No city or county in Georgia has yet to order such a ban, but supporters say they're reacting to bans in other states. A state Senate committee could consider a similar bill Tuesday, with widespread backing from business interests.

House Bill 150 gives Georgians a resilient path for assuring the lowest possible energy pricing in their homes and business,” said Rep. Bruce Williamson, the Monroe Republican who is sponsoring the measure. “It assures consumers freedom of choice and lets the free market work to keep prices low.”

Opponents said the bill would retard local efforts to fight climate change by limiting the use of fossil fuels. Georgia localities including Atlanta, Savannah, Clarkston, Augusta-Richmond and Athens-Clarke have pledged to use 100% renewable energy by 2050, although none have taken any steps to limit people from connecting to utilities that rely on fossil fuels.

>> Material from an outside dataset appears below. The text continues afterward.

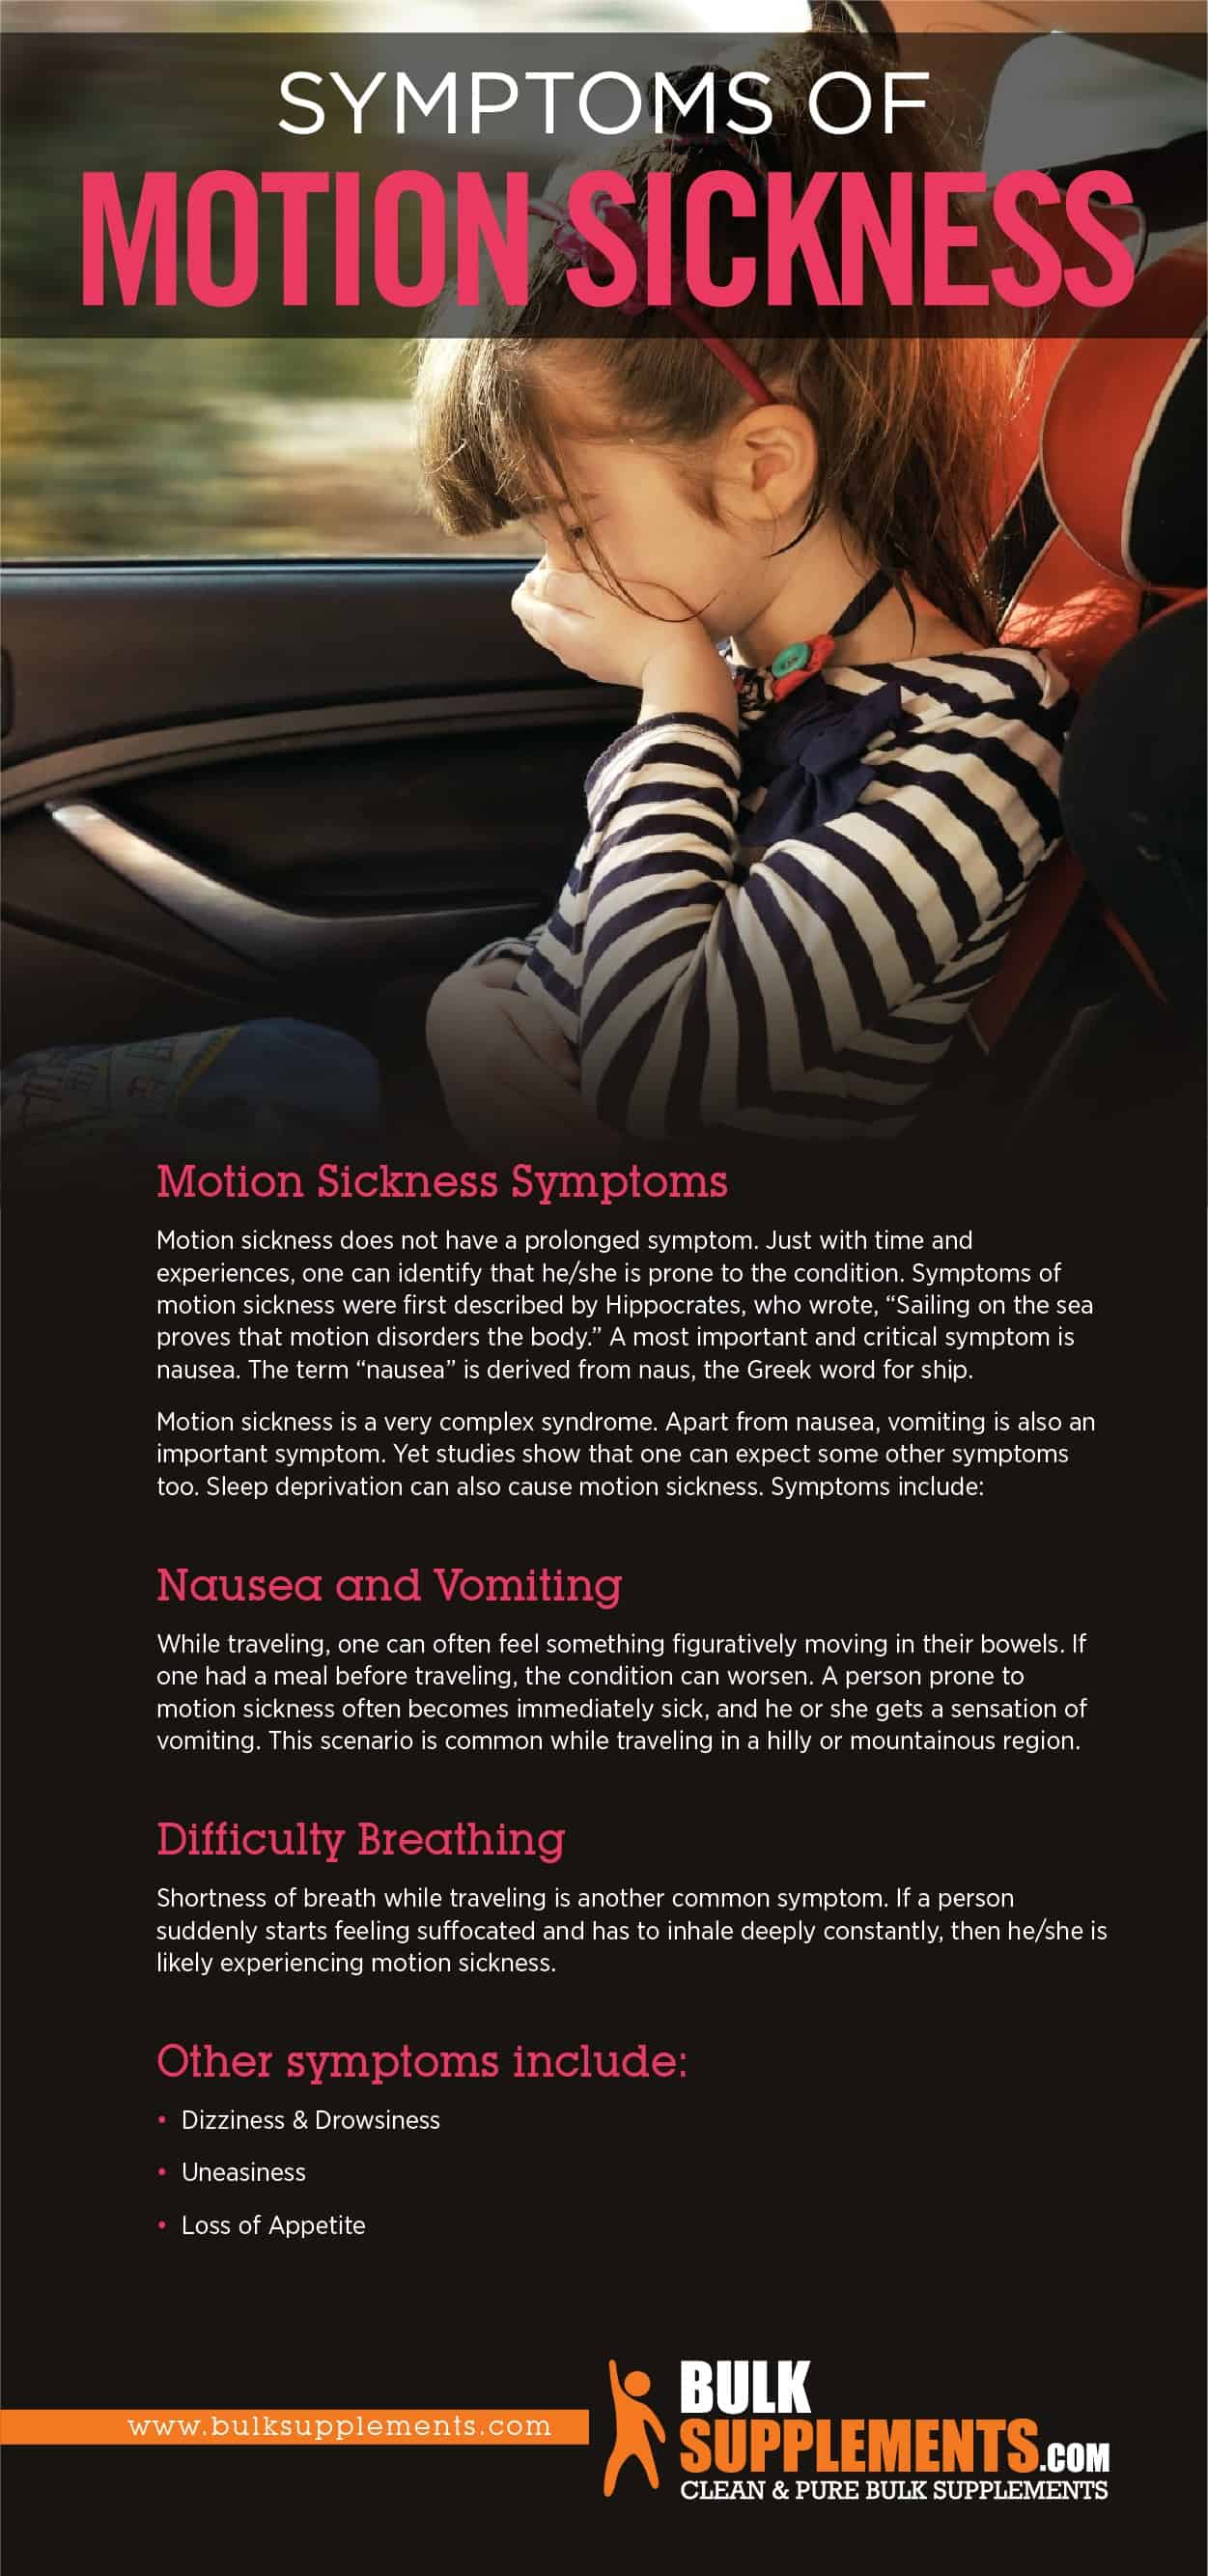 Symptoms of Motion Sickness

“This bill says you have to permit new natural gas infrastructure 20-30 years down the road,” said Rep. David Dreyer, an Atlanta Democrat. “If a local government wants to be innovative 15 years from now, when renewables are affordable, reliable and readily accessible, we are prohibiting them from doing that."

Supporters said natural gas use is especially important for restaurants.

“This bill would put such a burden on restaurants. I’m not even sure the Waffle House would even exist if we didn’t pass this bill,” said Republican Rep. Kasey Carpenter, a Dalton Republican and restaurant owner. “Natural gas is important for my industry and for all restaurateurs. We’re all for local control until locals get out of control.”

Local leaders from several cities and Democratic lawmakers spoke against the bill at an online news conference, WABE-FM reported.

“None of us are standing out on the curb with pipe cutters,” Athens-Clarke Mayor Kelly Girtz said. “We’re not talking about cutting off any individual recipient of energies’ options right now.”